On keeping scenes between Johnny Depp and Sacha Baron Cohen PG

“Oh, it frequently goes above PG but the thing about that is even though that stuff is unusable there are moments within it that you can use because it carries an energy and you often get interesting looks out of it or moments or exchanges and glances, so I’m pretty cool with letting that flow. The only trouble we had was when we were shooting this scene between Sacha and Johnny – it was supposed to be outside, and when you’re shooting outside on a stage you have to have a lot of lights, and lights create heat. The room itself was like 140 degrees and they had these enormous costumes on, so I think they were both incredibly hot but there was one take when they were talking for like 15 minutes and at that point the camera, that was on the end of a crane, broke. They basically melted the camera. I didn’t call cut, the camera called cut.”
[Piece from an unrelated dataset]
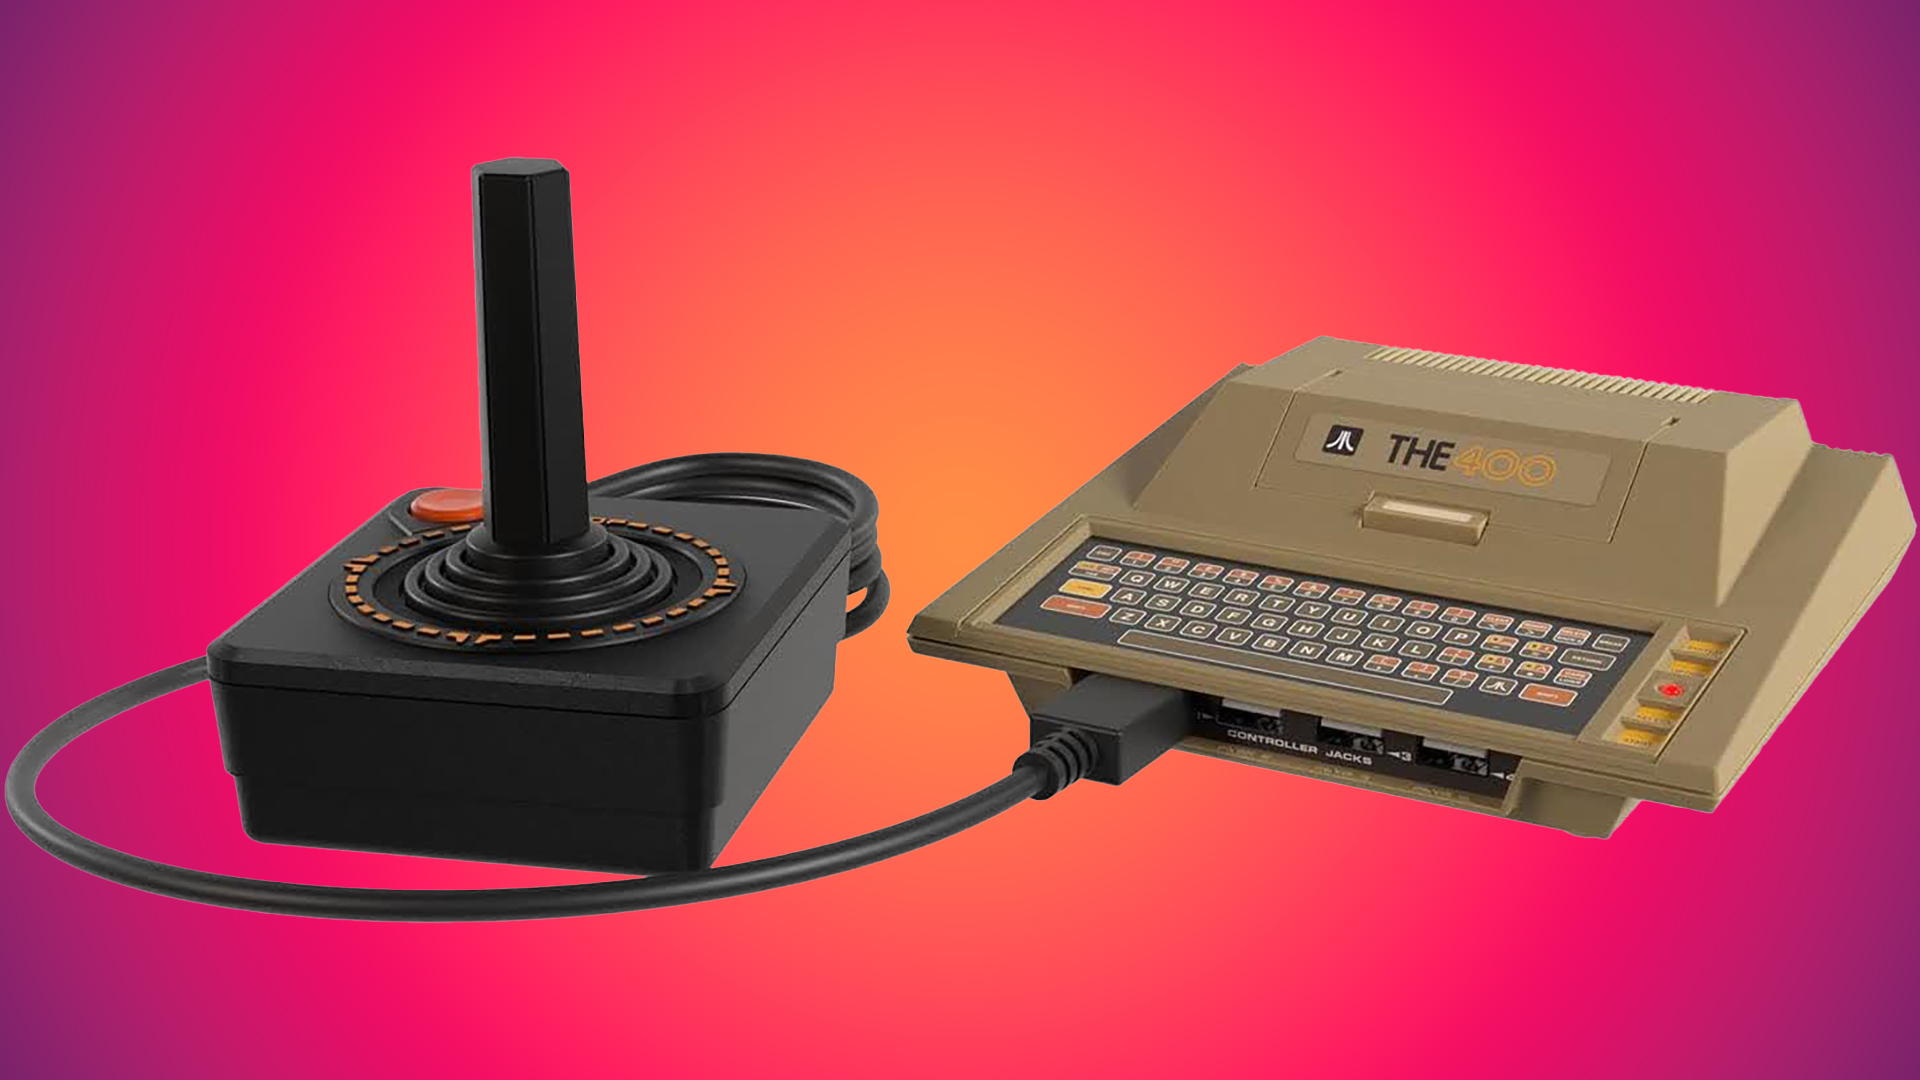 THEA500 Mini (Commodore Amiga 500) Console Retro Games Ltd

On directing Alan Rickman’s final credited performance

“Obviously, it was a terrible shock. He did the first one so fantastically as Absolem and we’ve been working on this for a while as Absolem the Butterfly and he’d done such a brilliant job; he is Absolem. That voice is so distinctive it can only be him and so obviously I’m incredibly honoured to have had the chance to work with him. It’s a great tragedy but I’m very proud of what he did and very proud of the role he has in the film and I hope people like it too.”
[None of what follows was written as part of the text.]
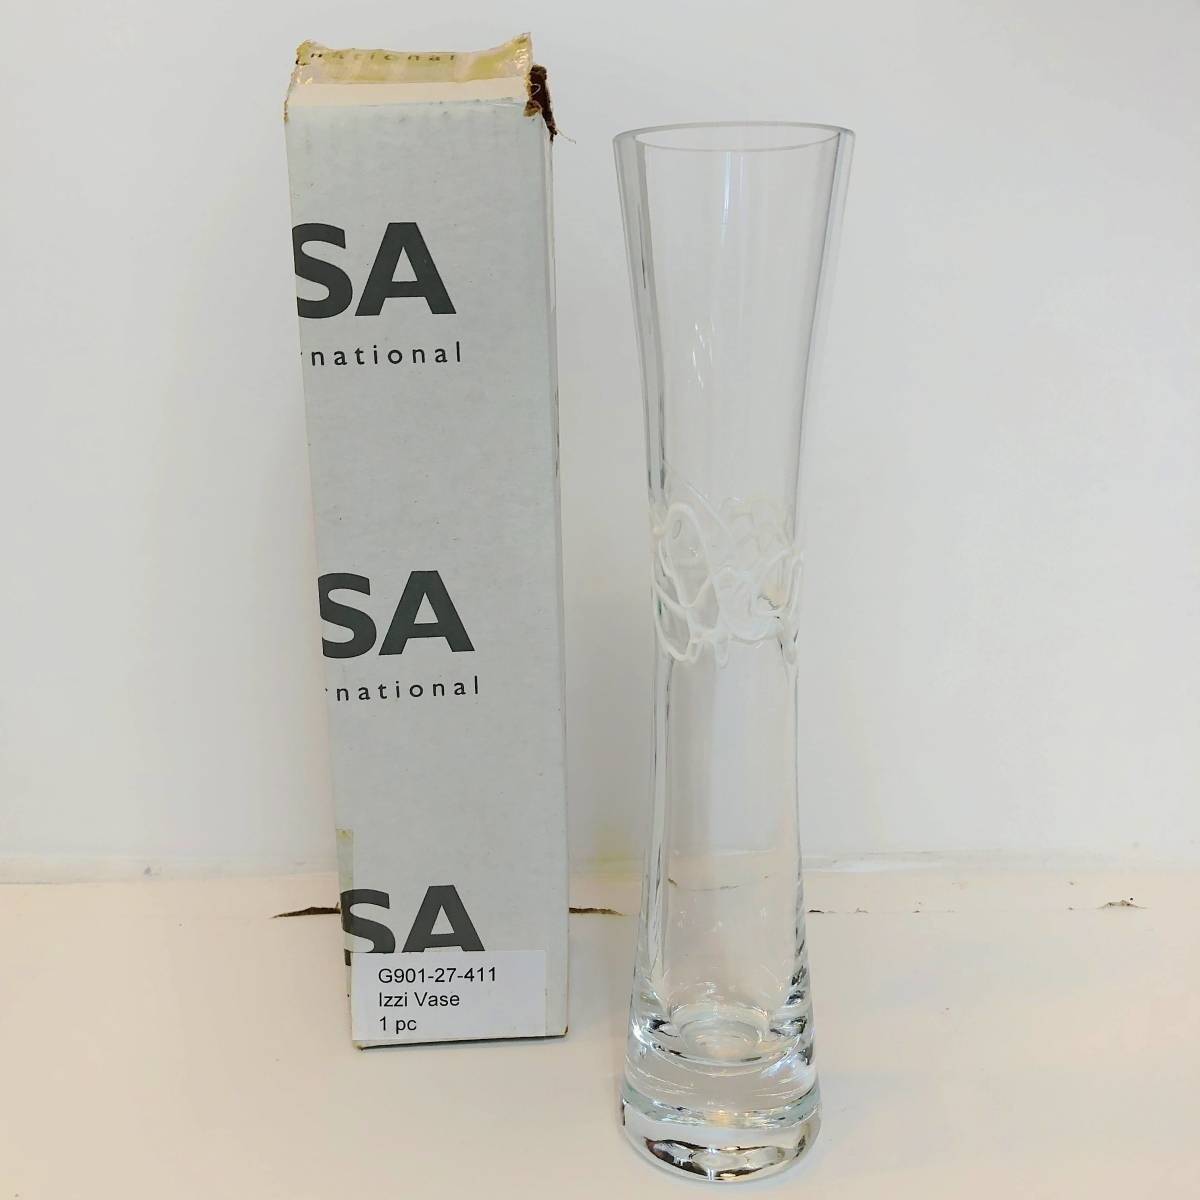  new goods 4. white LSA international flower base vase hand made glass white Izzi Vase 27cm Poland made G901-27

On possibly returning to the world of Alice

“Maybe. I really like Mia as Alice, I think it’s such a lovely character and I like the world that Tim built and the characters that they created together. This really isn’t the story of the Looking Glass book, this is more of a story in the spirit of Lewis Carroll and so I think if this one succeeds then there’s no reason why you can’t do more.”

On MIB23...

“It’s very early stages but I love both worlds and they work incredibly well together when you read the script. I’m excited to share it. It’s something that I like in terms of the comedy of both worlds and they blend together in a very interesting way and it’s a chance to use the skills I’ve built up over the past few years from Alice and also from Muppets, so it’s a perfect combination (of practical and CGI effects) for me. That’s why it appeals to me so much. It’s totally in my area.”
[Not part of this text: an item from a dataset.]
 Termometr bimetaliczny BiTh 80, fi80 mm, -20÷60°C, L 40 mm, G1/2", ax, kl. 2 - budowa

On his own favourite fantasy film

“That’s a good question. I think probably my favourite film of that genre is something like Time Bandits. It's one of my absolute favourite films of all time and it’s quite a hefty influence on this film, I think.”

On movie guilty pleasures

“I enjoy the Weekend at Bernie’s movies very much. I’m amazed that no one’s brought that back because it’s such a fantastic idea.”